Александр Македонский. Погибший замысел. Глава 22

      Глава 22

      На исходе гиперборетая* 331 года до н. э. армия Александра вышла к Тигру, на противоположном берегу их ждали персы — пять тысяч человек под командованием Мазея, высланные Дарием навстречу царю Македонии.

------------------------------
      * Гиперборетай — месяц древнемакедонского календаря, соответствует сентябрю.
------------------------------

      О том, чтобы остановить войско Коринфского союза, речи не было: иллюзии в отношении македонян и их союзников развеялись давно — но создать помехи, хорошенько потрепать воинов на переправе, нанести сколь-нибудь значительный урон было возможной задачей.

      Однако Мазей думал по-другому. Три с половиной года триумфального марша Александра без единого поражения вселяли ужас в нерасторопных вояк, Дарий уходил всё дальше и дальше вглубь Азии, персидские столицы, наоборот, оказывались всё ближе и ближе к наступавшим — ситуация складывалась критическая. Мазей знал, что покорившихся царю Македонии и Малой Азии без боя Александр щадил, сохранял им жизнь и даже оставлял их на занимаемых постах, он объявил себя царём не только Малой, но и всей Азии вообще и не собирался останавливаться, а туда, где уже побывал, вход Дарию был закрыт; письма главы империи Ахеменидов со всё более и более щедрыми посулами в каждом, несмотря на заманчивые предложения, оставались без ответа, Александр был уверен в том, что делал, — и Мазей решил, что выказать лояльность по отношению к новому владыке выгоднее, чем хранить верность старому. Эти соображения, соединённые со страхом относительно небольшого контингента персов, увидевших, какое мощное войско собрал сын Зевса, сделали своё дело: еле удержав подчинённых от панического бегства, еле заставив их не броситься врассыпную, Мазей отвёл их назад к армии Дария, объяснив отступление тем, что пять тысяч человек принесут больше пользы в генеральном сражении и по этой причине бессмысленно посылать их на смерть против десятикратно превосходящего численностью противника.

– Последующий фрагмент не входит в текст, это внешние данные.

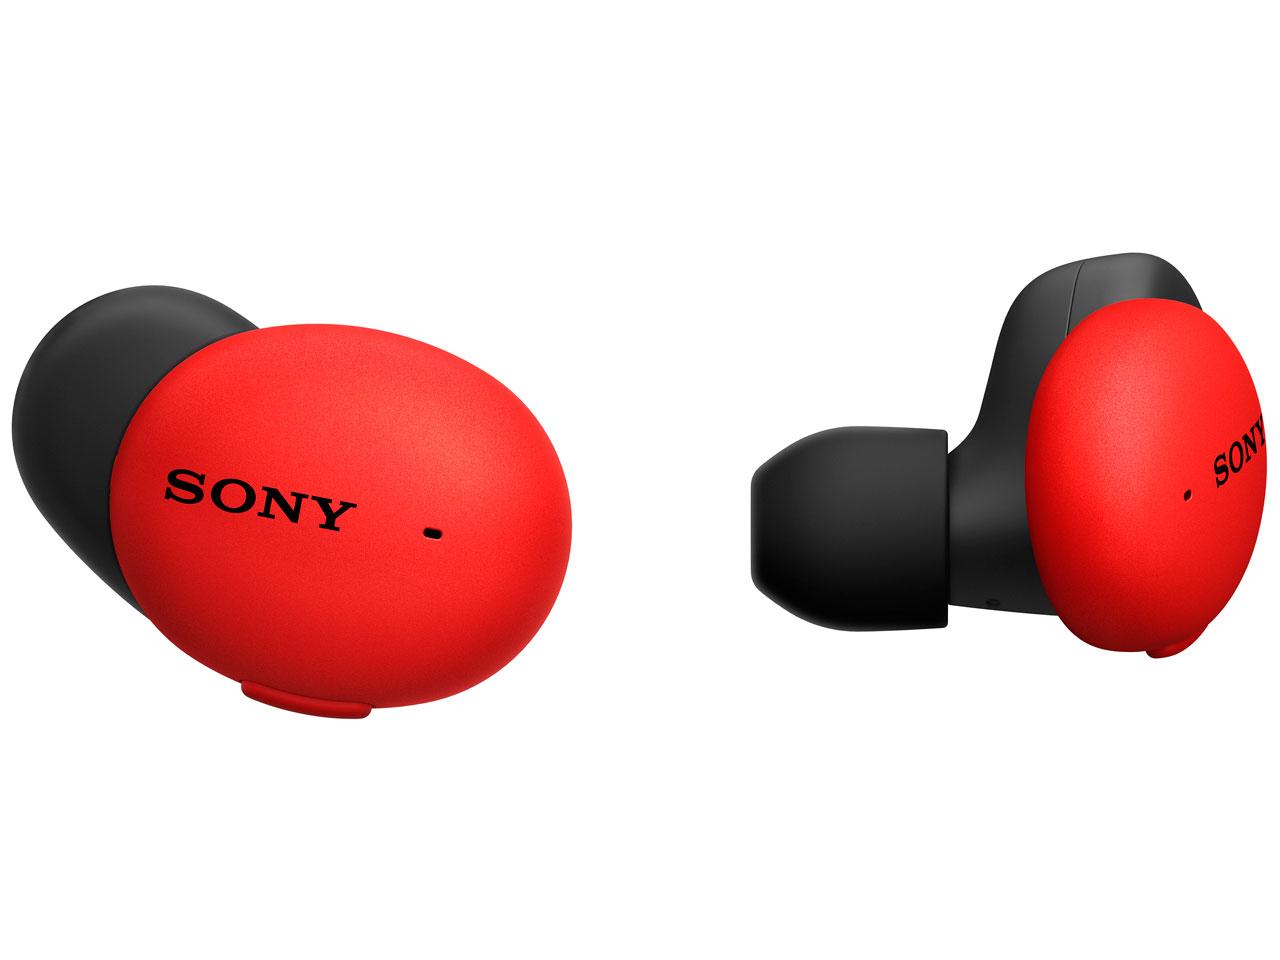 h.ear in 3 Truly Wireless WF-H800

      Это было практически открыто заявленным неповиновением; Дарий, почуяв близившееся предательство и подавив вздох, вынужден был согласиться. Он ещё верил в то, что сможет остановить Александра, — или пытался убедить себя в том, что это ему по силам. Как бы то ни было, а сражение — все понимали, что оно будет решающим, — надо было давать. Какими бы зловещими знамениями и плохими предчувствиями ни обставлялись погожие ночи, персидская армия в начале осени была сильна как никогда.

      Персидская армия была сильна. Дарий учёл главные ошибки, совершённые ранее. Он призвал под свои знамёна бессчисленные орды бактрийцев и согдиан из восточных сатрапий, для которых военное дело было повседневностью: теснимые с севера свирепыми кочевниками, подданные Дария в дальних уголках империи и закалились, и приобрели опыт в непрекращавшихся стычках с сакскими племенами. Кровожадность призванных не внушала сомнений, алчность горела в глазах ярым огнём — жажда поживы не остановит их ни перед чем, а на четвёртый год похода обоз Александра в цене персидскому не уступал. Прибыли воины из скудных, бедных земель за Гирканией; сошли с заснеженных гор привычные к суровым испытаниям арахозцы, проделали долгий путь от граничивших с Индией Саттагидии и Гандхары выносливые, неприхотливые в своём аскетизме поселенцы — теперь Дарий мог выставить против Александра пятьсот — пятьсот! — тысяч опытных солдат.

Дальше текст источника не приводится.